**Exercise details:**
For the string "Reference", search the entries below and copy every line where it appears.

**Source information:**
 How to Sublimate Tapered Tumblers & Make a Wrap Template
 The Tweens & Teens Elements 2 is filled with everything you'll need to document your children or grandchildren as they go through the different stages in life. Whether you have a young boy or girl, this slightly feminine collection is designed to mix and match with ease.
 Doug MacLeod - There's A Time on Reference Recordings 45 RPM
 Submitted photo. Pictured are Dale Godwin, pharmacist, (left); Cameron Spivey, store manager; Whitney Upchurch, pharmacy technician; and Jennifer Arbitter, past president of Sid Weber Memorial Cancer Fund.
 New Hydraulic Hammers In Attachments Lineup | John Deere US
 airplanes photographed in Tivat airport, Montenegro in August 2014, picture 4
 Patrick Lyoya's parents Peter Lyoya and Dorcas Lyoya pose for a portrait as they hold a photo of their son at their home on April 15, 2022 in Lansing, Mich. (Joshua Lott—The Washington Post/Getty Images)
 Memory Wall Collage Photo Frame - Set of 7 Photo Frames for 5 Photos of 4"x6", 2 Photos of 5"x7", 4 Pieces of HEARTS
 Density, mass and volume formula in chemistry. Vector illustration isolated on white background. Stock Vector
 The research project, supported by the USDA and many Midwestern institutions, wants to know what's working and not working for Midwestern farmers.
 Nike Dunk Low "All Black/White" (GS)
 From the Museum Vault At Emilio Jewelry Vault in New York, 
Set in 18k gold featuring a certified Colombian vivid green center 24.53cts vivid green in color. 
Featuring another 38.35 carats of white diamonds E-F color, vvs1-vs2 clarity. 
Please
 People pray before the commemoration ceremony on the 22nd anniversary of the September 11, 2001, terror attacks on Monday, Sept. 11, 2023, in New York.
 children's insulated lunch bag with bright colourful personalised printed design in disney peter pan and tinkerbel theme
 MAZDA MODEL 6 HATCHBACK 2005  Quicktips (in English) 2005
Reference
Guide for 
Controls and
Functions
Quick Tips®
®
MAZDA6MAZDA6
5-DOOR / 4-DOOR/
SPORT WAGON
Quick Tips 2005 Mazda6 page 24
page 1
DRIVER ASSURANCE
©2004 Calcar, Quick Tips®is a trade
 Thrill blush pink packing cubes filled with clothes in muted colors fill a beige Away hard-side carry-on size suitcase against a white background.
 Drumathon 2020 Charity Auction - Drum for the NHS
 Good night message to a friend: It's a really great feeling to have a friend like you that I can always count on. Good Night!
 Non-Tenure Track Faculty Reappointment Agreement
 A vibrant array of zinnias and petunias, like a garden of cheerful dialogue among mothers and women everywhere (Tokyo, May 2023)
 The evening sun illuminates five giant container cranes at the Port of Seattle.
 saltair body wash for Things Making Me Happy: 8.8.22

**Task output:**
 Doug MacLeod - There's A Time on Reference Recordings 45 RPM
Reference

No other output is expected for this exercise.